How, then, are we to draw conclusions? Neurath’s answer was what he called “auxiliary motives” — motives other and more than pure logic or pure observation. Considerations of simplicity (think Ockham’s razor), elegance, efficacy, and even, Neurath believed, those of ethics or politics may be permissible, even necessary, to help us make sense of and build on empirical data. It may be psychologically comforting to believe there is a simple algorithm for generating scientific certainty — and thus for sharply separating thought from action and data from judgment. But, Neurath maintained, such a belief is a mark of “pseudo-rationality.” Better to be open and honest about the many and varied motivations that go into scientific inquiry and the corrigibility of the conclusions that follow.

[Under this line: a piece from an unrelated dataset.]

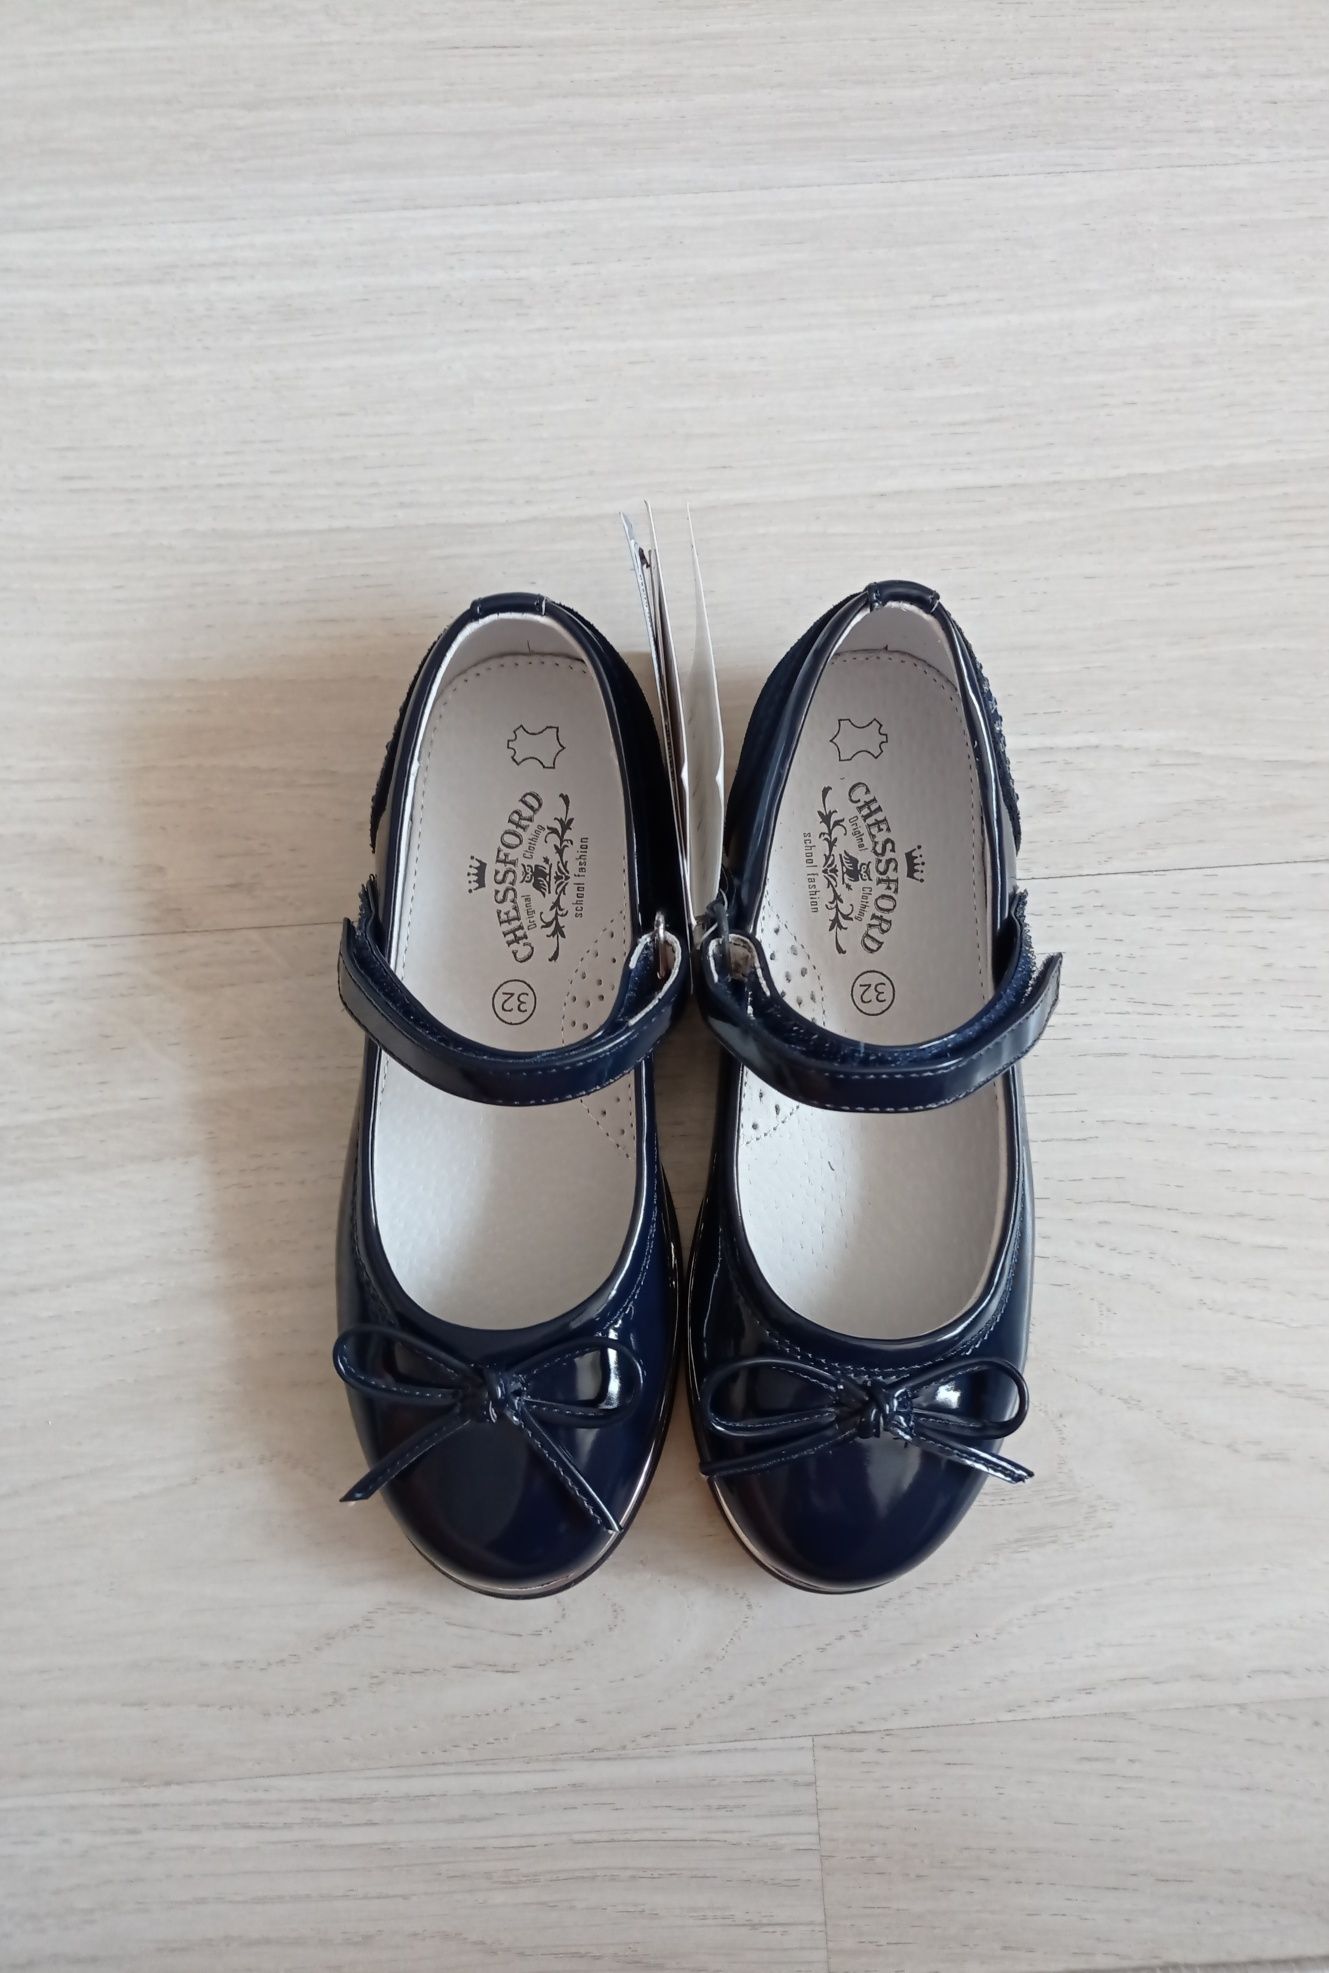 Новые,  школьные, стильные туфли для девочки темно-синего цвета

Whether or not you accept Neurath’s overall picture of scientific knowledge, it is clear enough that when it comes to epidemiology and related sciences — and, a fortiori, policy choices based on them — we are much more like Descartes’ wanderers. In this messy intermediate realm between pure theory and practice, it is often the case that “uncertainty is the only certainty there is,” as mathematician John Allen Paulos recently put it. If so, it would be unwise to seek certainty before deciding if and how to act. Reality will not wait around for us to acquire it.

This is not an excuse for rash action nor, necessarily, an argument for acting sooner rather than later. The point, rather, is that however we choose to act — whether or how to impose social distancing measures, say, or if and when to lift them — we are doing so under conditions of uncertainty. But that is not the same thing as saying we are acting arbitrarily or without knowledge. Data are essential to increase our knowledge and to inform our decisions. This is why it is paramount that our data be as bountiful and reliable as possible, and that we are clear, open, and honest about our margins of error. But no amount of data, no matter how good, will totally vanquish uncertainty.

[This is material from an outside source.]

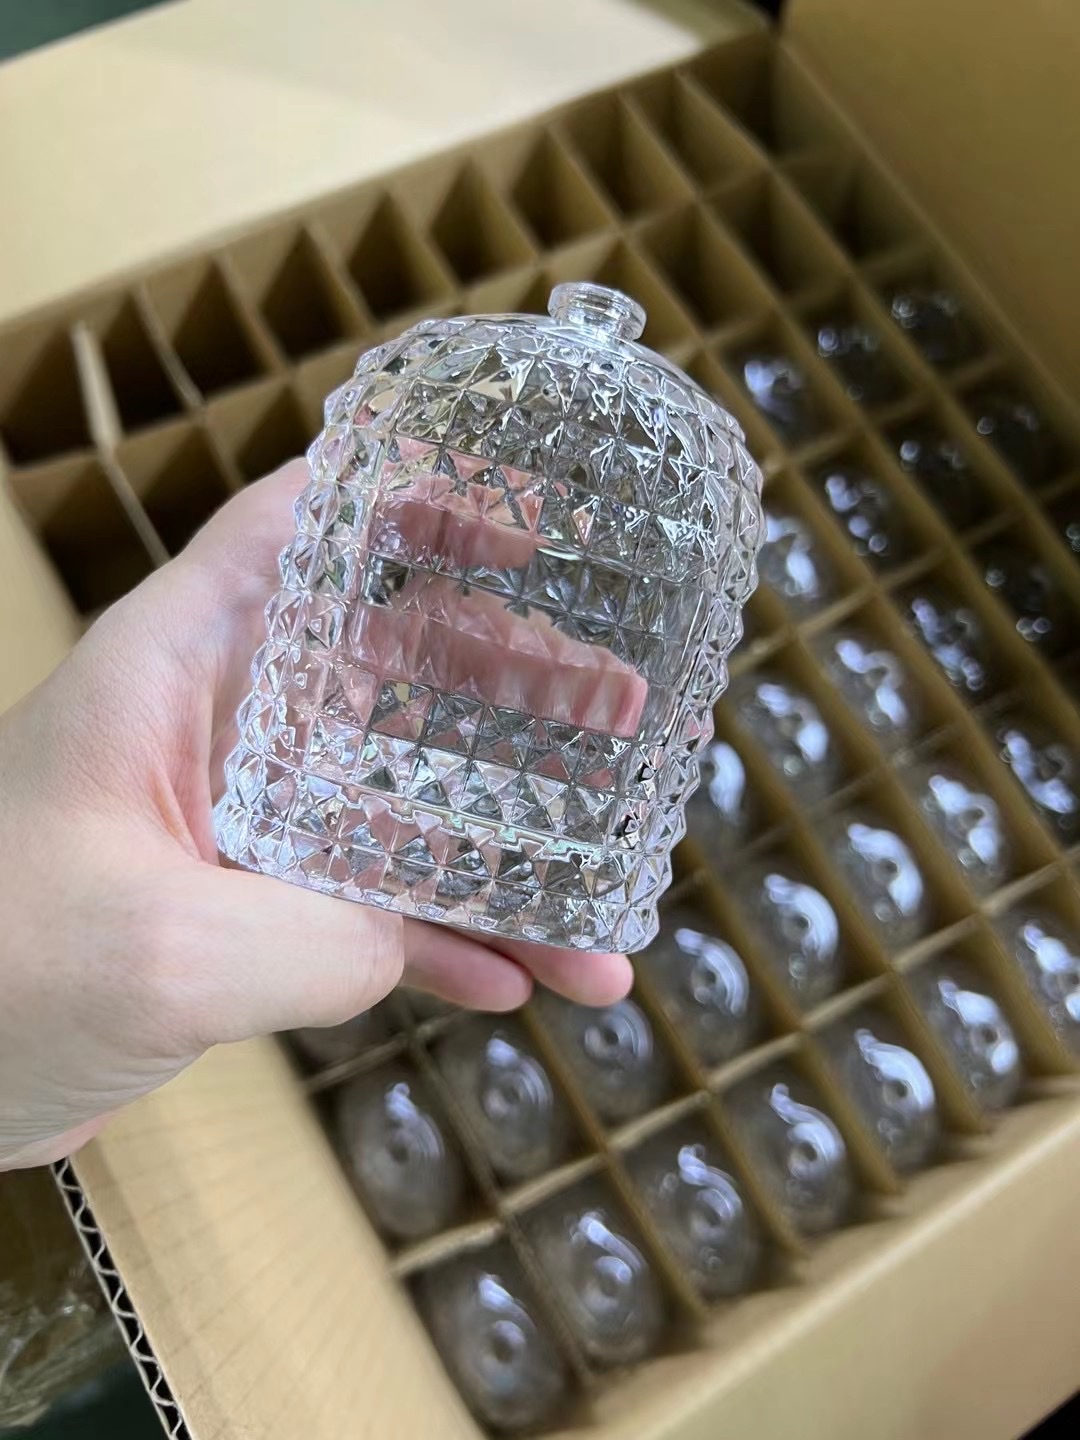 厚德玻璃厂 钻石香水瓶 高档精白料香水玻璃瓶 来样定做 喷色 电镀 蒙砂等后加工 logo

Data are necessary, in other words, but never sufficient. Judgments — including ethical and political judgments — must inevitably enter into our decisions, even, perhaps especially, when they are informed by scientific data. When it comes to the coronavirus pandemic, for example, data are obviously crucial for determining whether and how to weigh public health risks against economic consequences as well as estimating what those risks are. But how could data ever settle these issues? Of necessity, such decisions must appeal to normative values that exceed what is given empirically. Consider that the very concept of a public health threat rests on moral and political determinations — value judgments — about health, safety, the public interest, and human life.

Data can never take the place of judgment. And while judging well requires data, to be sure, it depends above all on prudence. When the dust of this pandemic settles, it will not be our policymakers’ data that will be scrutinized so much as their judgments about what to do in light of the data.